只聽這人接著又道:「你年紀輕輕,有此毅力,也算難能可貴。只要你抱定決心,你吃的苦就不會是白吃的。」
這非但是叮嚀,簡直已是鼓勵。
寶玉越來越驚疑,但口中只是說道:「多謝。」
那語聲默然半晌,忽又道:「現在,你還能站起來麼?」
寶玉道:「能。」
那人道:「既能站起,為何還不站起往前走?」
寶玉道:「是。」
他此刻已確定此人並無傷他之意,當下翻身而起,卻見此人不知何時已翻過身子,緩步向前走去。
他腳步緩慢而凝重,雙手似乎抱在前胸。
寶玉忍不住道:「閣下為何不讓小可拜見尊顏?」
那人道:「你不必瞧我的臉,你只要瞧著我的劍。」
「劍」字出口,肩頭突然微微一動。
這一動之輕微,幾乎是目力難以覺察,任何人都不會在意,但方寶玉心頭卻突然吃了一驚!
扭轉乾坤殺手劍!
肩頭一動,劍光立即飛出,如驚虹、如匹練,正是昔日那「無情公子」蔣笑民所施出的海南派的殺手!
扭轉乾坤殺手劍!
這一劍出手比蔣笑民更快,部位比蔣笑民更刁,落點比蔣笑民更準。寶玉若非昔日便已領教過這一劍的精妙,若非已有了警覺,此刻縱不致死在這一劍之下,也休想再站著往前走了。
劍光方自那人脅下飛出,寶玉身形已退開兩尺。他委實已盡全力,他也算準這一劍最多隻能觸及他衣衫,卻萬萬傷不著他皮肉,哪知劍光在他胸前半尺外便已停住了。這一劍出手雖比蔣笑民更快、更刁、更準,但劍下卻留了三分情意──劍下是否留情,寶玉自然是瞧得出的。他長長喘了口氣,道:「多謝。」
那人劍光緩緩垂下,緩緩道:「你是否早已見過這一招了?」
寶玉道:「是。」
那人冷冷道:「你若非早已見過這一招,此刻便難免傷在劍下。我要以此等殺手取你性命,你為何還要謝我?」
寶玉道:「劍下是否留情,方寶玉豈能不知?」
那人道:「縱然留情,但也足以取你之命。」
寶玉道:「但在下此刻卻還是活著的。」
那人默然半晌,縱聲笑道:「不錯,你現在還是活的。你見過這一招已有兩次,居然還能活著,世上能傷你的劍法,只怕已不多了。」
寶玉道:「不多?……是否也不少?」
那人笑聲突頓,冷冷道:「嗯,也不少,至少還有三種。」
寶玉道:「為何不令在下領教領教?」
那人道:「你著急什麼?」
突然將長劍向後一拋,寶玉不由得伸手接過。劍光一閃後,再瞧前面那人,卻已瞧不見了。
前面還是曲折詭秘的巖洞,這「白水宮」顯然整個都是在山腹之中,只有珠光,卻瞧不見陽光。
寶玉再也夢想不到,世上竟有人能在山腹之中建造起如此複雜、如此詭秘又如此博大的宮殿。
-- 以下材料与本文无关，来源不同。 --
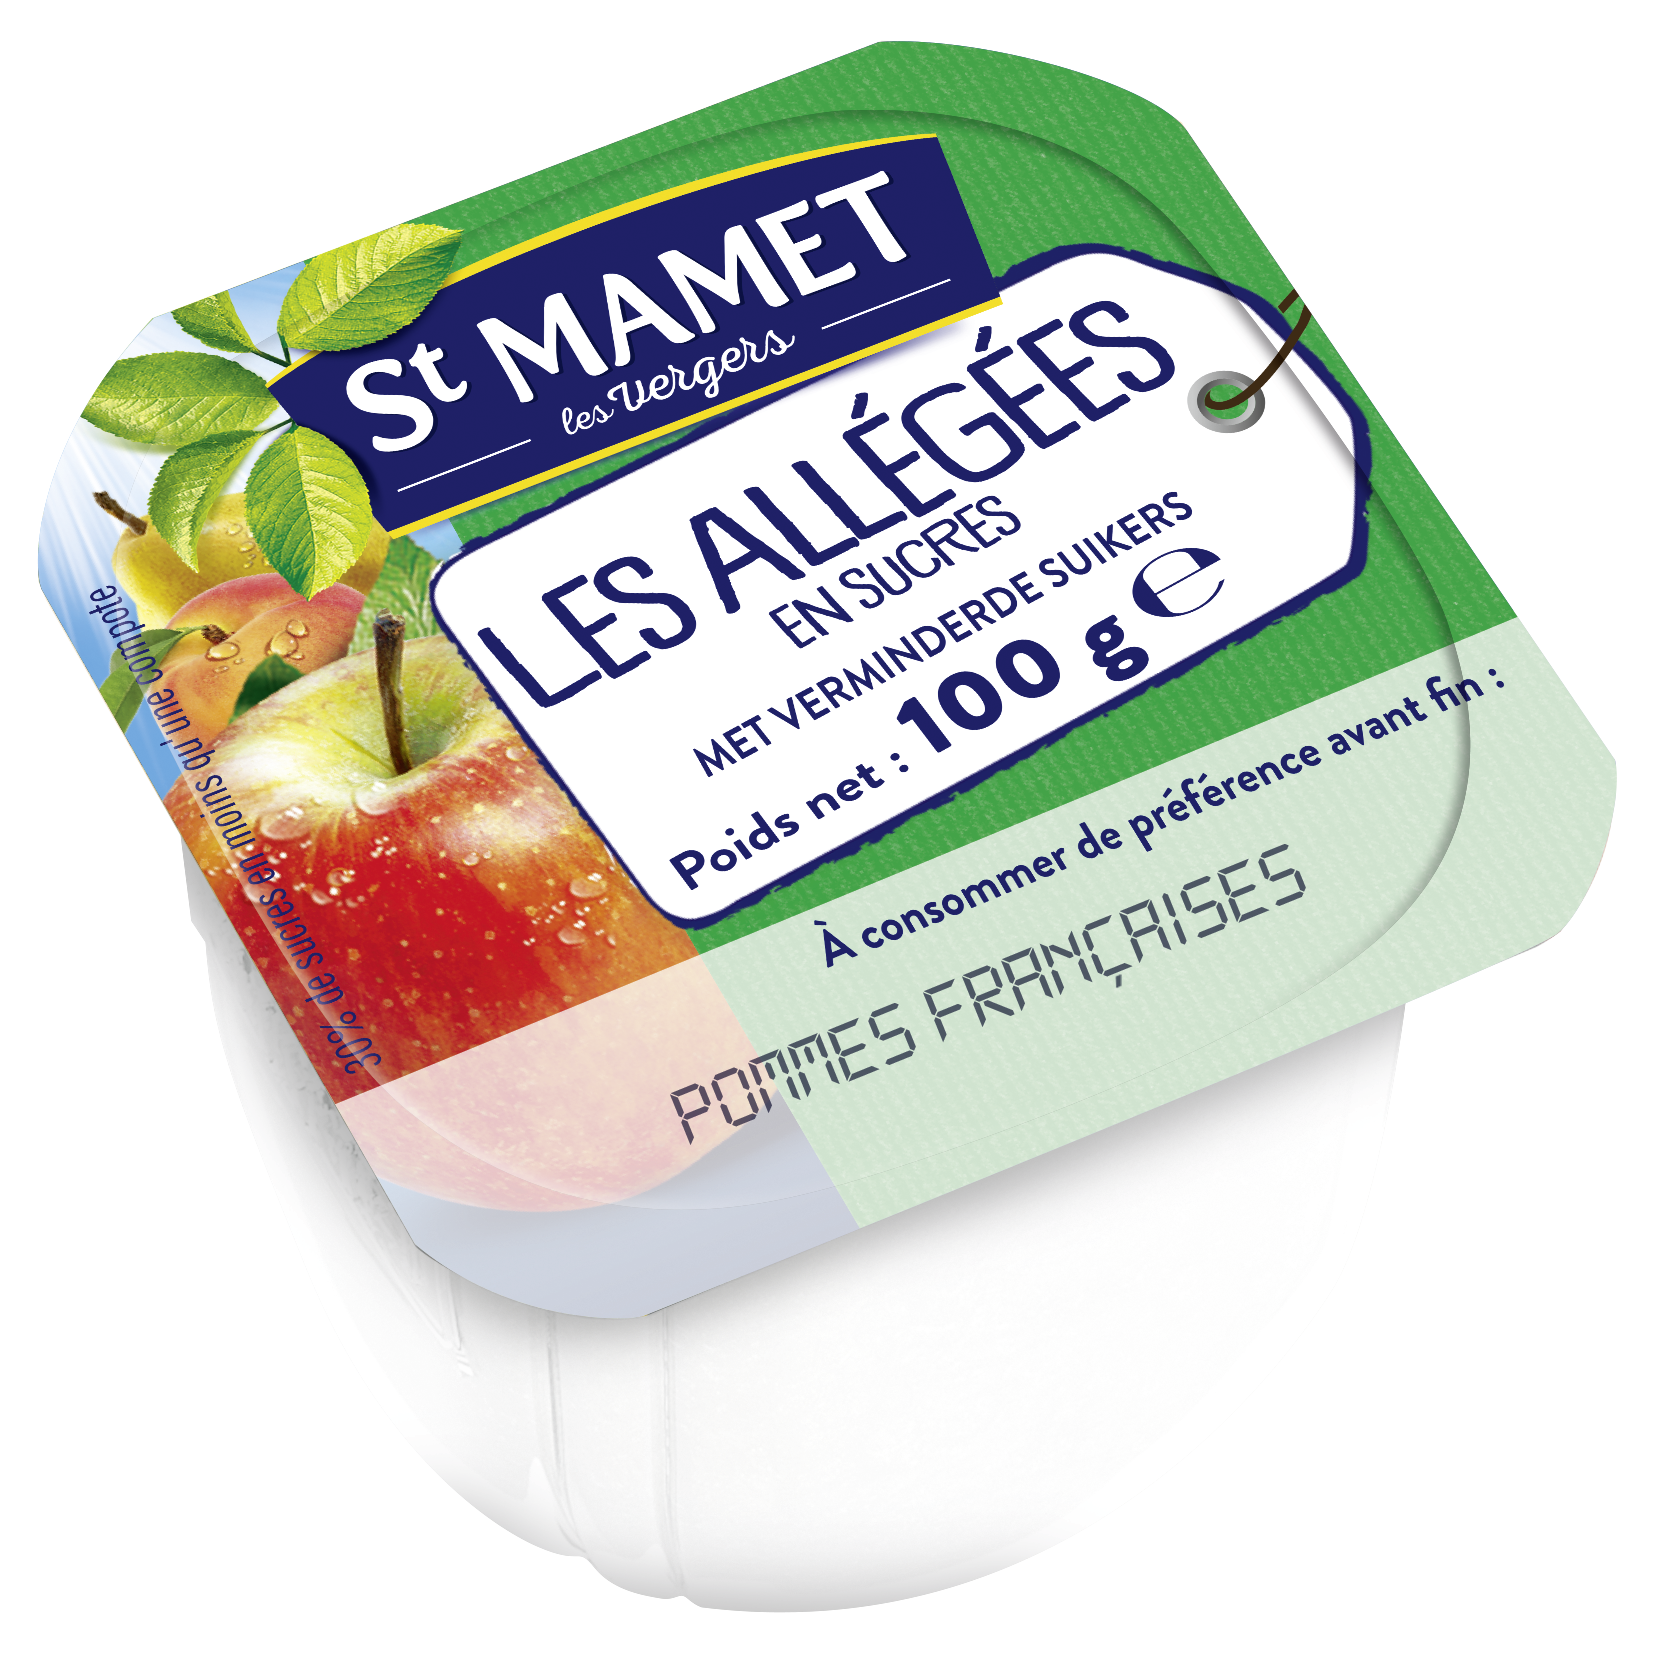 Compote de pommes 100 francaises allegee en sucre 120x100 ml st mamet

他木立半晌,喃喃笑道:「此人在‘白水宮’中究竟是何身份?他言語中既然對我那般關切,卻又為何要對我驟下殺手?他既已對我驟下殺手,卻為何又在劍下留情?他既已劍下留情,卻又為何還要在前路以另三種殺手劍法等著我?他既要再以殺手劍法傷我,卻又為何還要贈劍於我?」
這柄劍窄長、鋒利、輕巧,劍鋒、劍脊與劍鍔的配合,幾乎已鑄造得臻於完美無疵。
方寶玉一握住這柄劍,心裡就立刻生出極舒服的感覺,幾乎將肉體的飢餓、焦渴、疲憊全都忘記。
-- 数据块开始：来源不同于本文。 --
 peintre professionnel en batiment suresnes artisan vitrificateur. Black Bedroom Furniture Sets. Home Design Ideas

這感覺正如書法家觸及精美的紙箋筆硯,又如酒徒手裡有了一杯美酒時一樣。他空虛而彷徨的心靈立刻有了寄託,他確信自己可以將自己的生命與一切都交託給這柄劍,只有劍是最可靠的。
他靜靜地站在那裡,使自己的心靈與劍合而為一。他心裡的渣滓已沉澱,他的痛苦與疑慮已自劍尖濾出。
然後,他才敢往前走。
巖洞中奇詭的景象已全不在他眼裡。
只因他的眼中只有劍,心中也只有劍。
突然,四下又變得墳墓般黑暗。
但他的腳步卻未停,她的手也不必再去摸索,只因他的心靈已透過劍尖產生了一種奇異的觸覺。
他已可以劍代目。
沉靜,死一般的沉靜。
突然間,黑暗中逼來一股殺氣!
方寶玉全身毛骨俱都為之悚然。
四下仍是墳墓般的黑暗,死一般的沉寂,看來全無絲毫變化,但這股殺氣卻浪濤般一層層捲了過來。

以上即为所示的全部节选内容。